3. Results and Discussion

3.1. Wood Modification: Chemical Background and Precursor Synthesis

The wood modification based on 1H-benzotriazolyl activation of an appropriate modifying reagent has recently been published by the Kaufmann group and is given in Scheme 1 [3,4,5,6,7,8,9].
The previous activation step was accomplished upon reaction of the corresponding organic acid with 1H-benzotriazole in dry DCM and thionyl chloride. The benzoic acid derivative (Aryl = Ph) was obtained in 85% chemical yield, whereas the fluorinated counterpart (Aryl = 3,5-bistrifluoromethyl-phenyl) was synthesized in 98% yield (Scheme 2).
The chemical modification of wood with this phenyl derivative was then achieved at 120 °C by applying 1.5 equivalents of the activated α-13C-benzoic acid. The molar ratio was based upon 7 mmol of accessible hydroxyl groups per grams of wood according to the literature [92]. Scots pine (Pinus sylvestris L.) sapwood veneer was used as the wood material. The resulting mass increase was determined to be 15.3% WPG, which is equal to a QCO value of 1.46 mmol reagent per gram of wood.

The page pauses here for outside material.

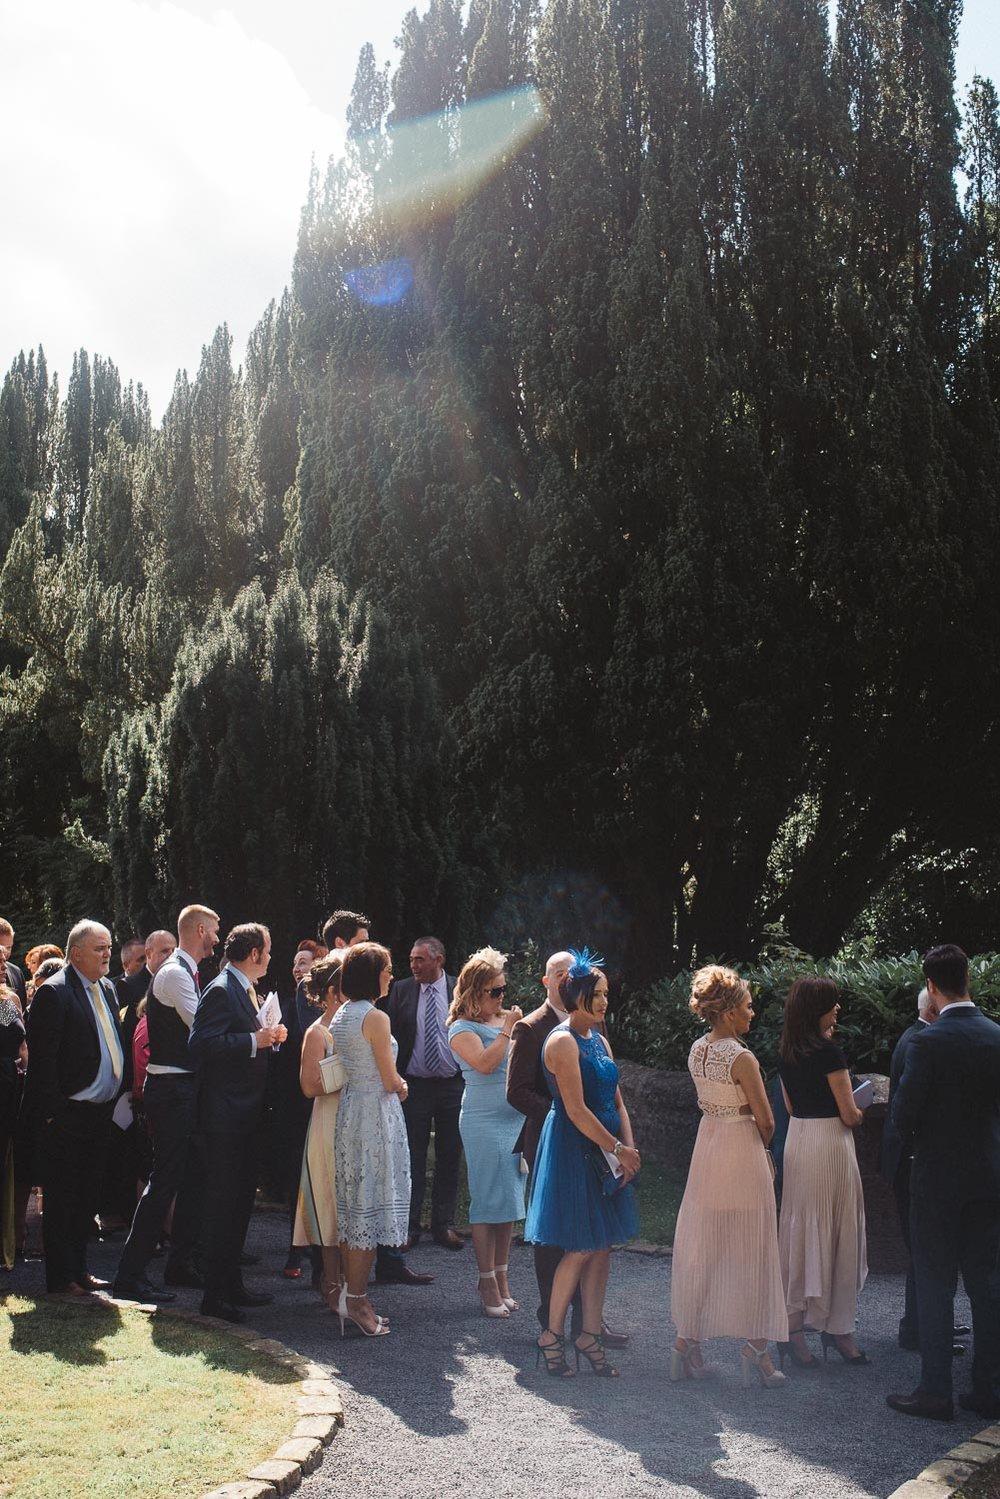 Guests mingling outside chapel.

Even on application of the quite potent LiCl/DMSO-d6 mixture for the preparation of the NMR sample, the de facto dissolvable amount of the entire wood was still very low. Therefore, a 13C-labeling of the benzoate carbonyl C*-atom of the modifying reagent was inevitable for this task. Figure 1 depicts the obtained connectivity of the precursor molecule to the cellulose- or hemicellulose-type wood structure. Spectroscopically, this is verified by a corresponding 1H,13C-HMBC cross signal that is caused by the three-bond (3JC,H) coupling from the proton in the α-position of the former wood hydroxyl group to the carbonyl C-atom of the modifying benzoate.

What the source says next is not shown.